Dictionary of Bhakti: North-Indian Bhakti Texts into Khari Boli Hindi and English.

AuthorPauwels, Heidi
PositionBook review

Dictionary of Bhakti: North-Indian Bhakti Texts into Khari Boli Hindi and English. By WINAND CALLEWAERT, with the assistance of SWAPNA SHARMA. New Delhi: D. K. PRINTWORLD, 2009. 3 vols. Pp. 2187.

Those interested in the devotional literature of North India, known as bhakti, have had the use of a wonderful tool for translation since 1993: the Oxford Hindi-English Dictionary by R. S. McGregor.
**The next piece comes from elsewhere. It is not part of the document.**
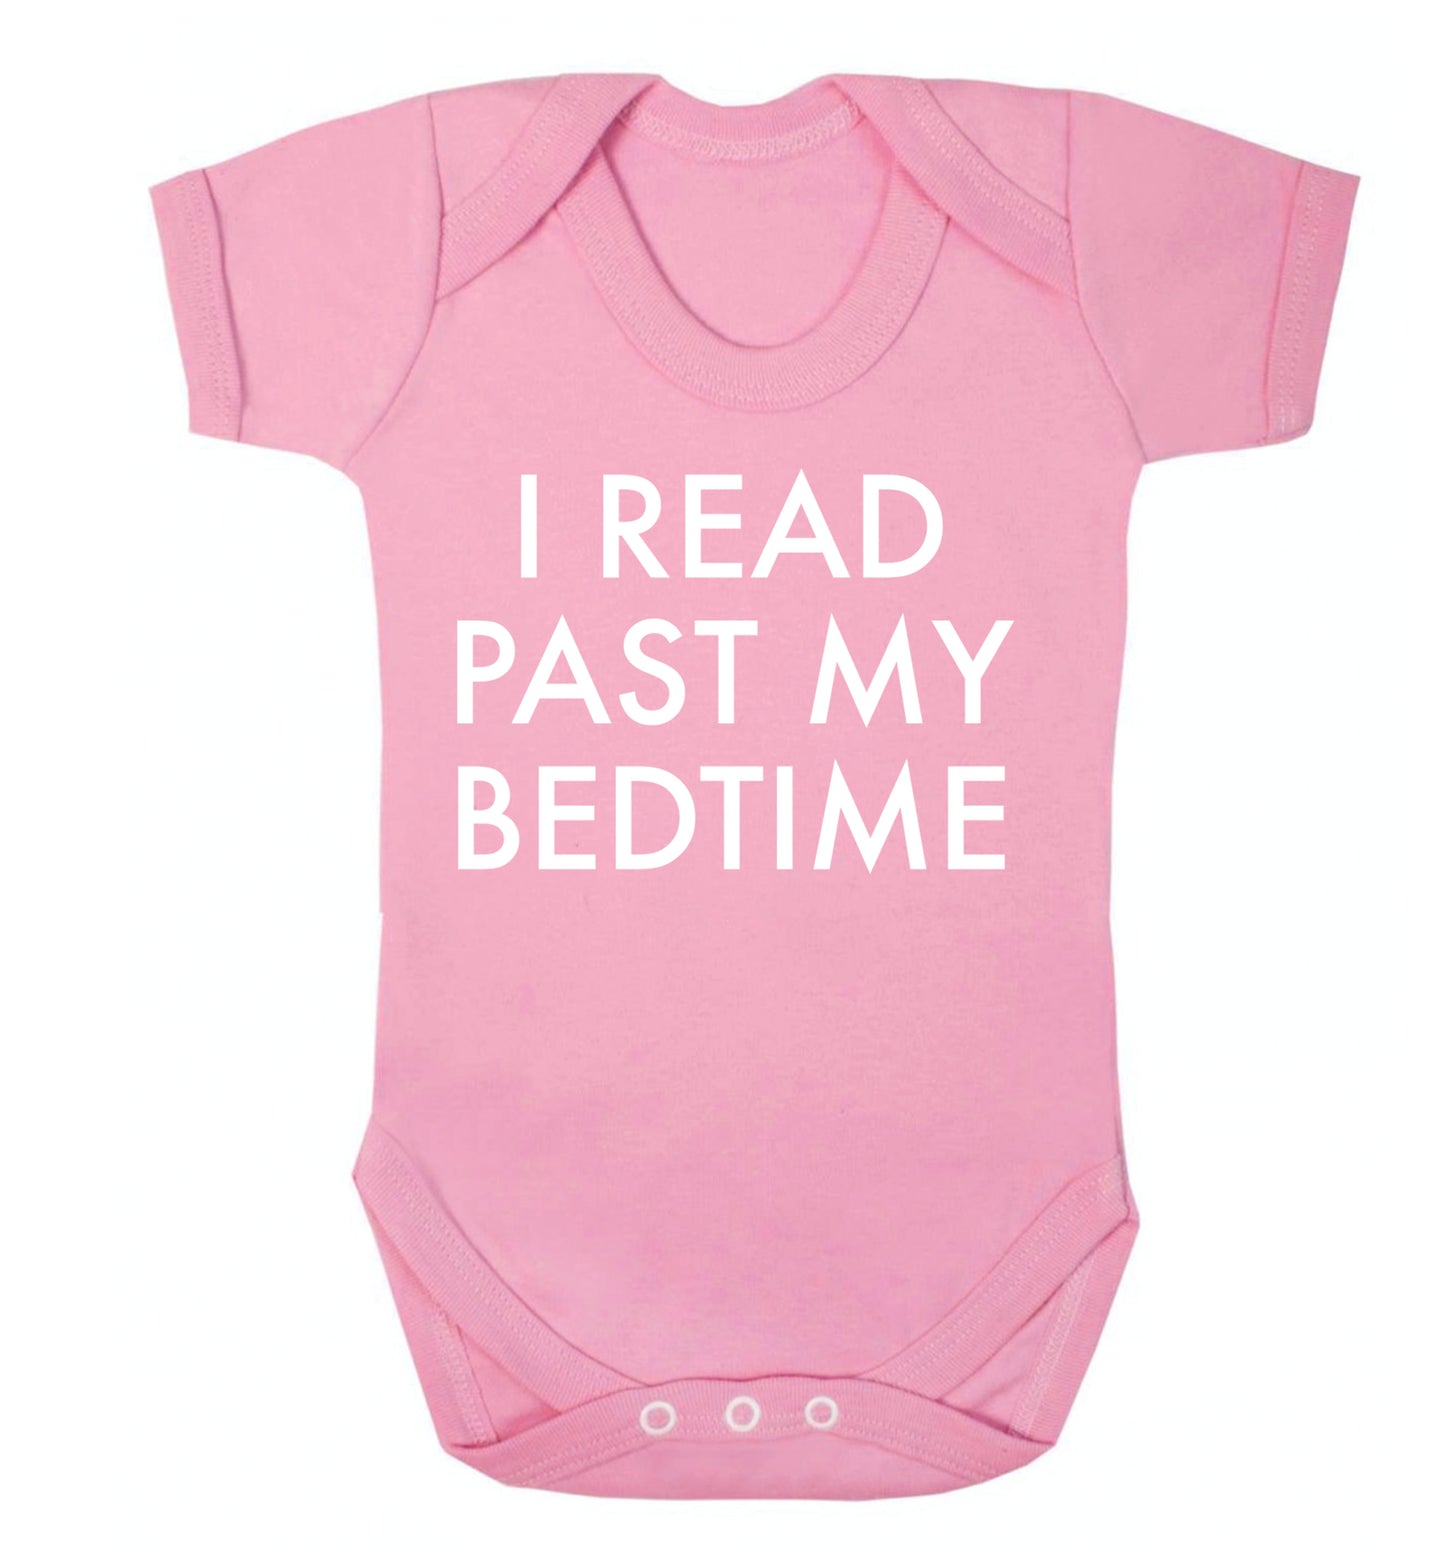 I read past my bedtime Baby Vest pale pink 18-24 months

While this is usually seen as a superb dictionary of modern Hindi with reliable etymologies, it contains as a bonus a significant amount of lexical items from the older registers of the language, making it the first choice for English-speaking scholars, before turning to the more specialized Old Hindi-Modern Hindi dictionaries. Now, sixteen years later, those scholars have another very welcome dictionary, this one exclusively devoted to Old Hindi (with translations in both Modern Hindi and English): the work under review.

This three-volume dictionary of sixteenth-and seventeenth-century bhakti texts is the magnum opus of Dr. Winand Callewaert (Katholieke Universiteit Leuven, Belgium). It is the crown on years of hard work in the field of early bhakti literature. Callewaert has long been indefatigably collating manuscripts of early North Indian bhakti texts, editing them so as to establish texts as close to the period of origin as possible, and providing translations to make them available to a larger audience. Callewaert has thus over the course of his productive career compiled a large database and developed computer programs to sort and alphabetically organize the words of these texts. He rightly realized that with such a large data-base at his disposal he was in an excellent position to compile a dictionary. Notwithstanding the warning of his guru, Father Camille Bulcke of English-Hindi Dictionary (1968) fame, he courageously took on the task. Thus came about the work under review, which is really a corpus-based dictionary but on a much larger scale than, for instance, Christopher Shackle's model A Guru Minak Glossary (Vancouver: Univ. of British Columbia Press and London: School of Oriental and African Studies, 1981). The ambitious scale of Callewaert's dictionary is a great virtue, but it also brings a host of problems with it.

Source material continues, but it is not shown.